▶ _ASSIGNMENT_: Below are some entries. Transcribe the lines from the one holding "México, estado de" to the one holding "广东省住房和城乡建设厅2017年部门预算公开3", inclusive, but not the pictures among them.

▶ _RECORD EXTRACTS_:
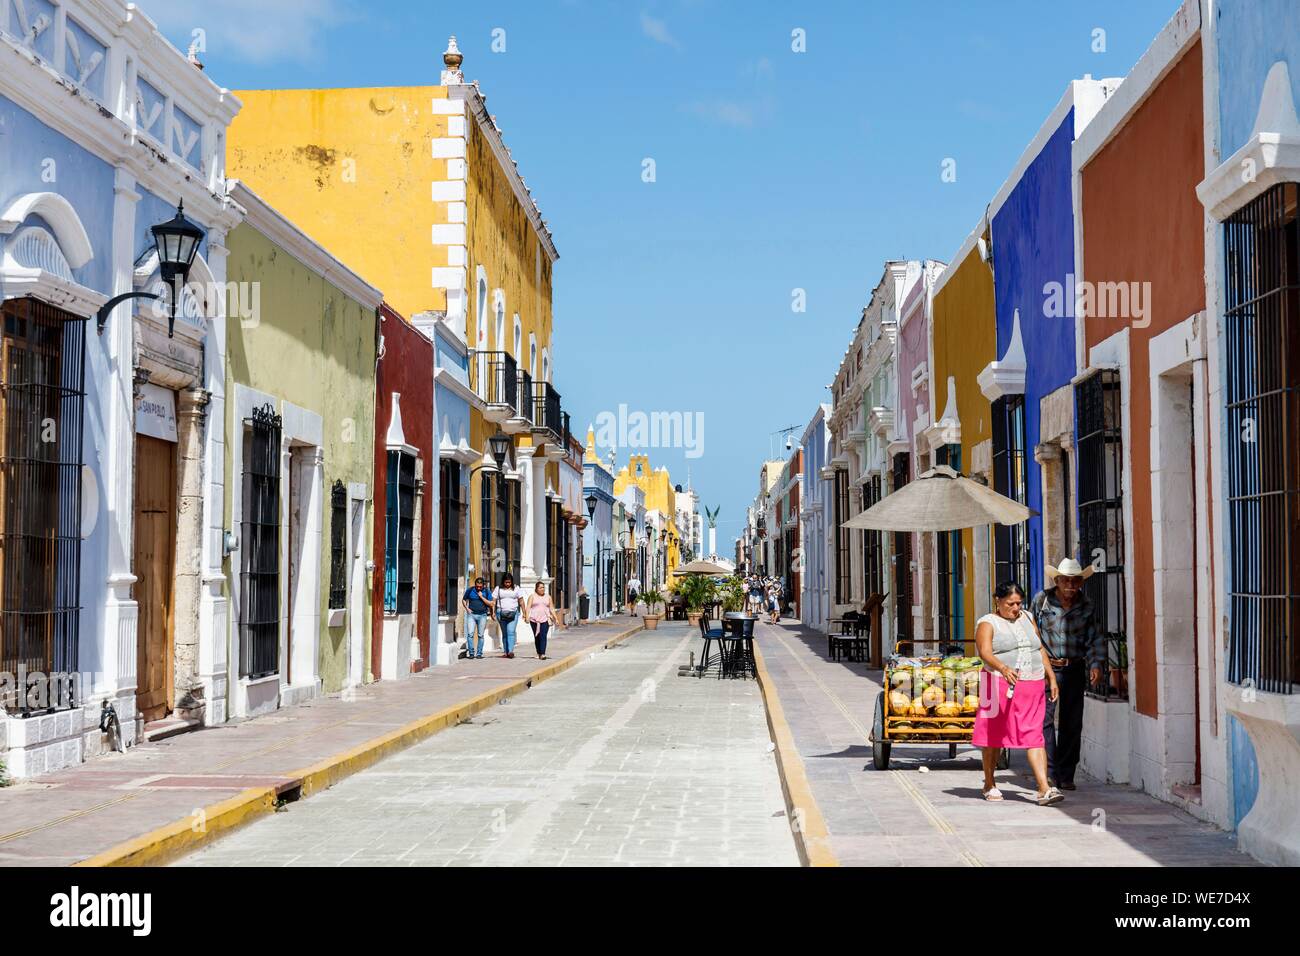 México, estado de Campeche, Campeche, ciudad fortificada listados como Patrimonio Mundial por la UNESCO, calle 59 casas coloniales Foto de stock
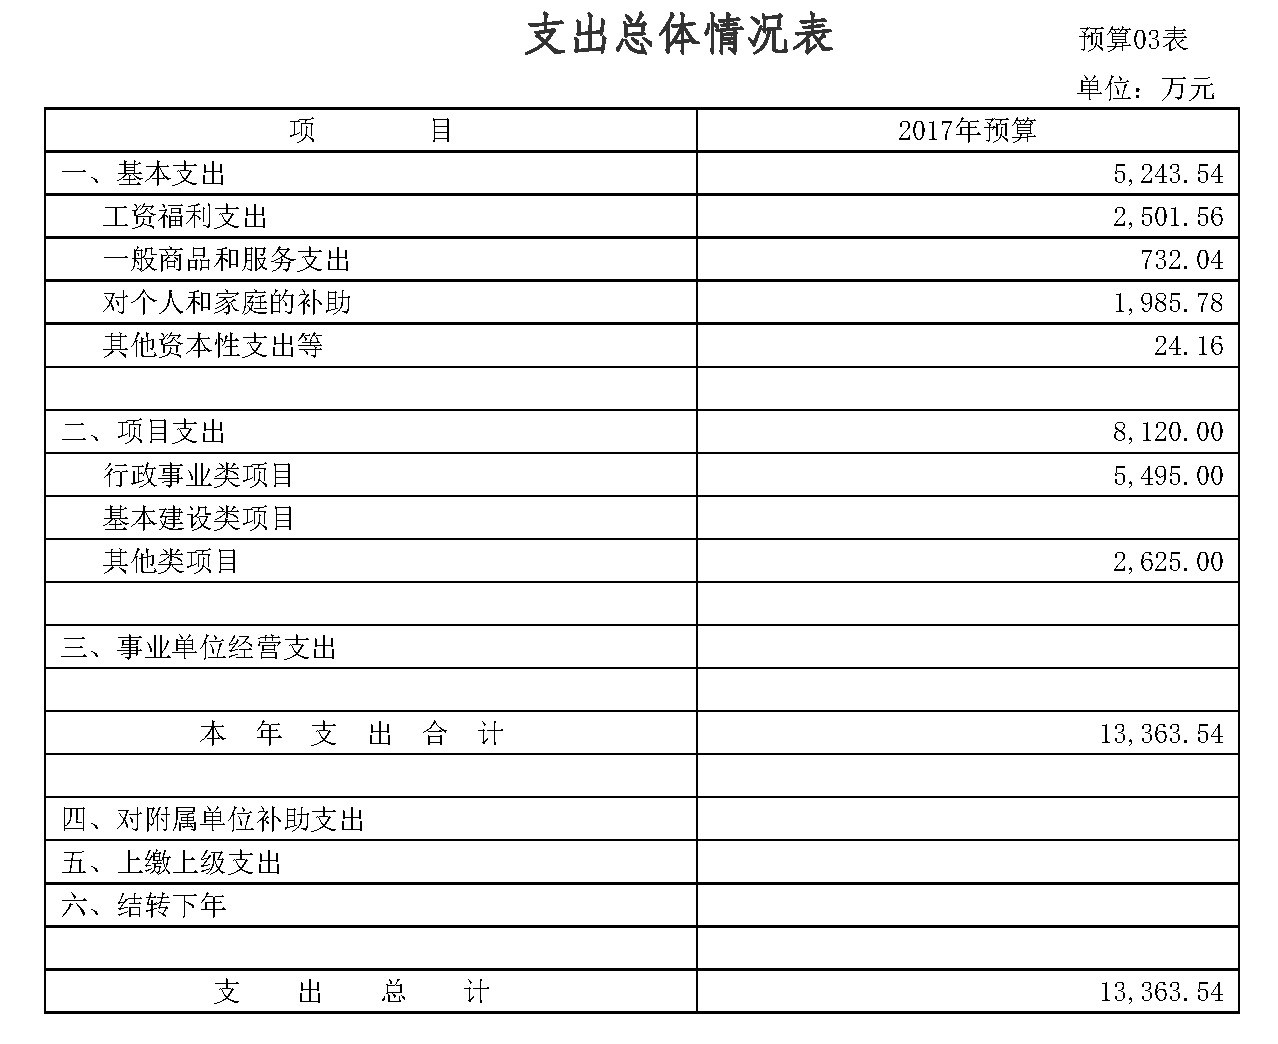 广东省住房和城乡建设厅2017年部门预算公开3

--

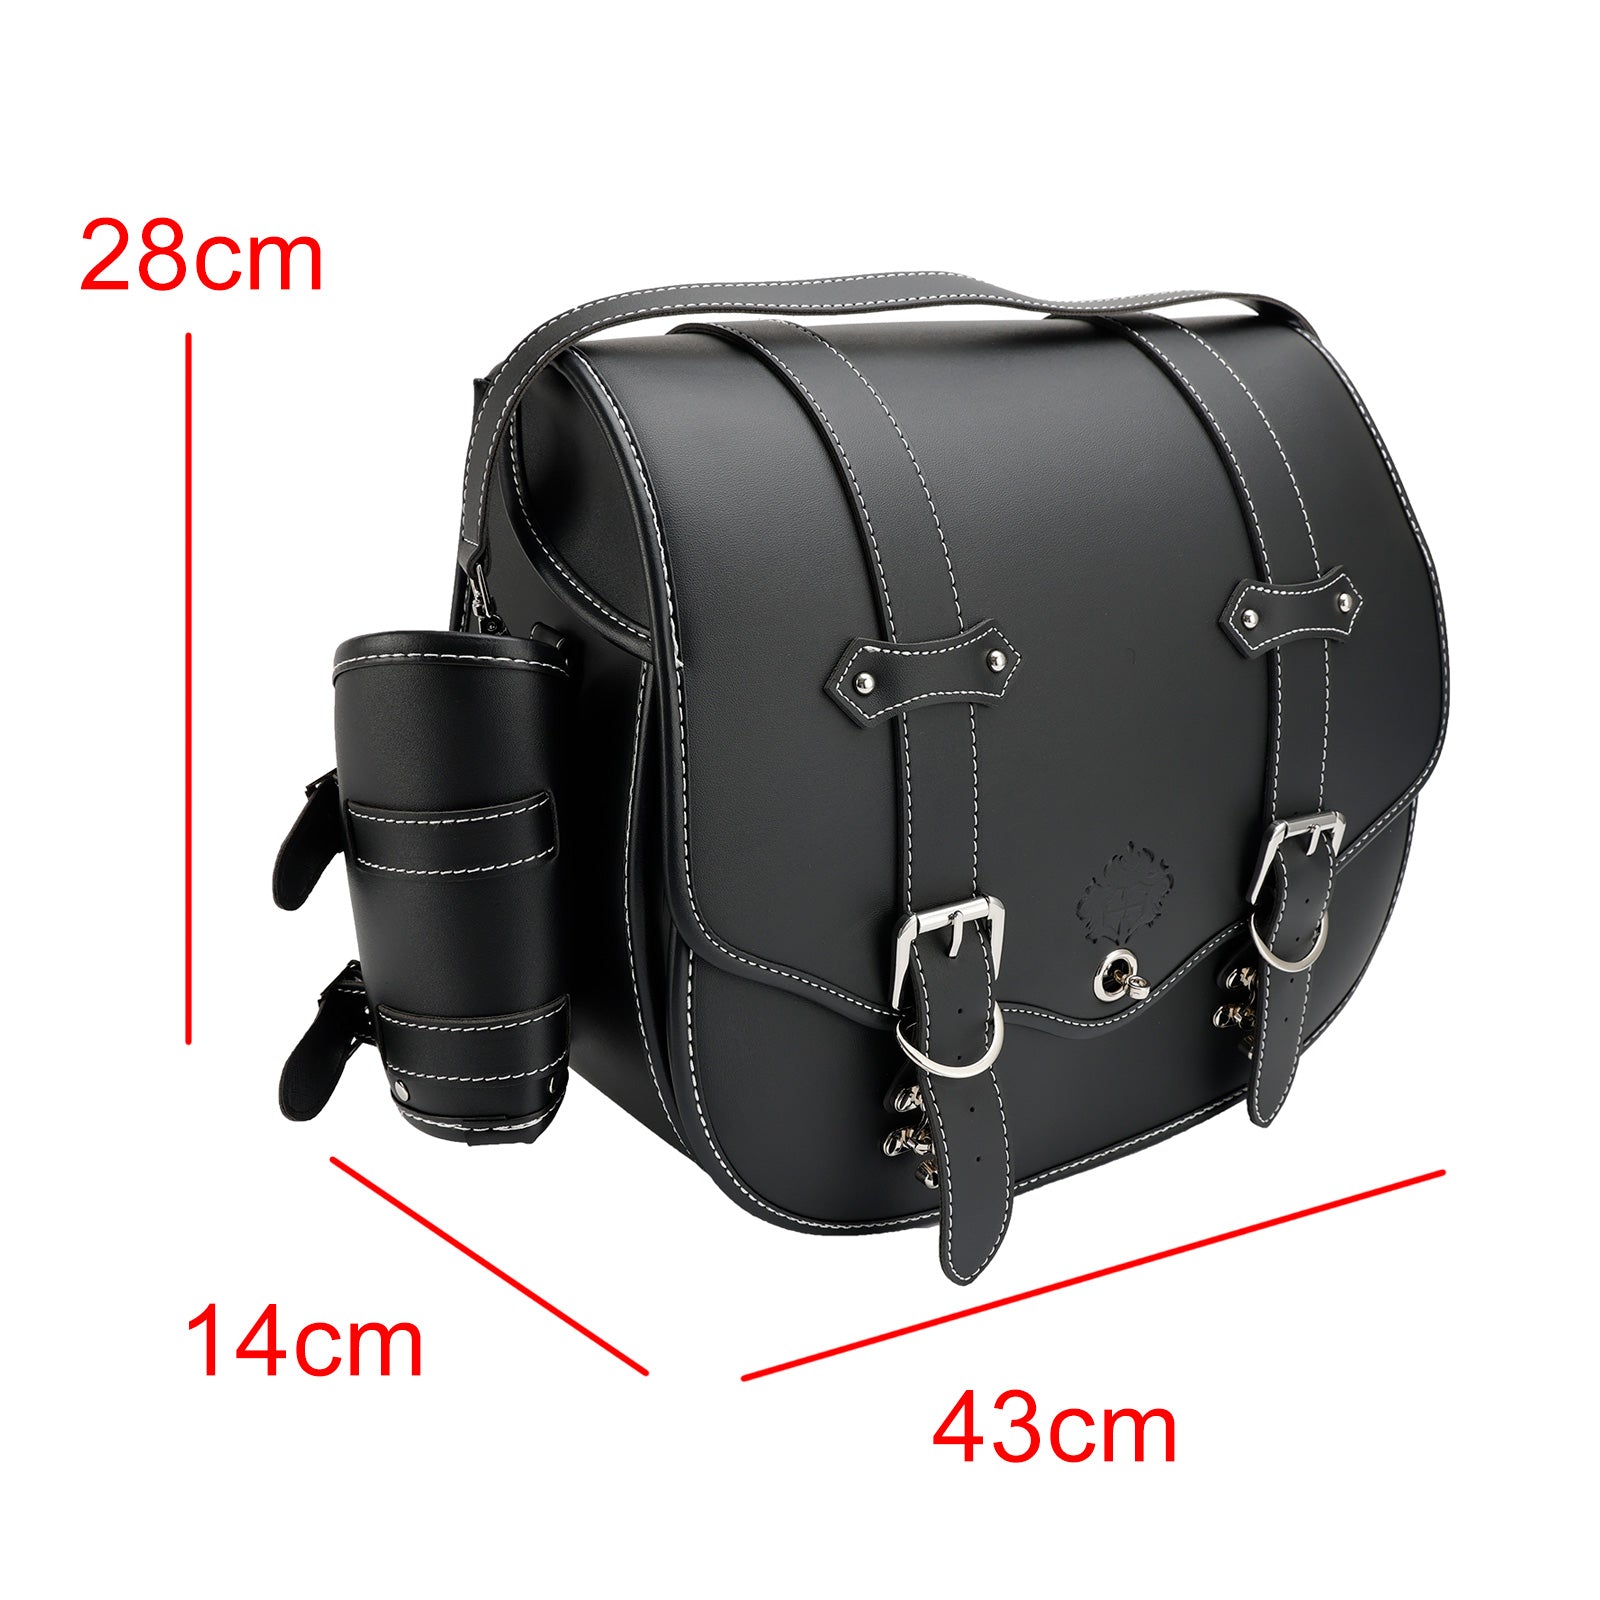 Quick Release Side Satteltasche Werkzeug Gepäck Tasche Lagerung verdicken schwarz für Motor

▶ _THE COMPLETED TASK_:
 México, estado de Campeche, Campeche, ciudad fortificada listados como Patrimonio Mundial por la UNESCO, calle 59 casas coloniales Foto de stock
 广东省住房和城乡建设厅2017年部门预算公开3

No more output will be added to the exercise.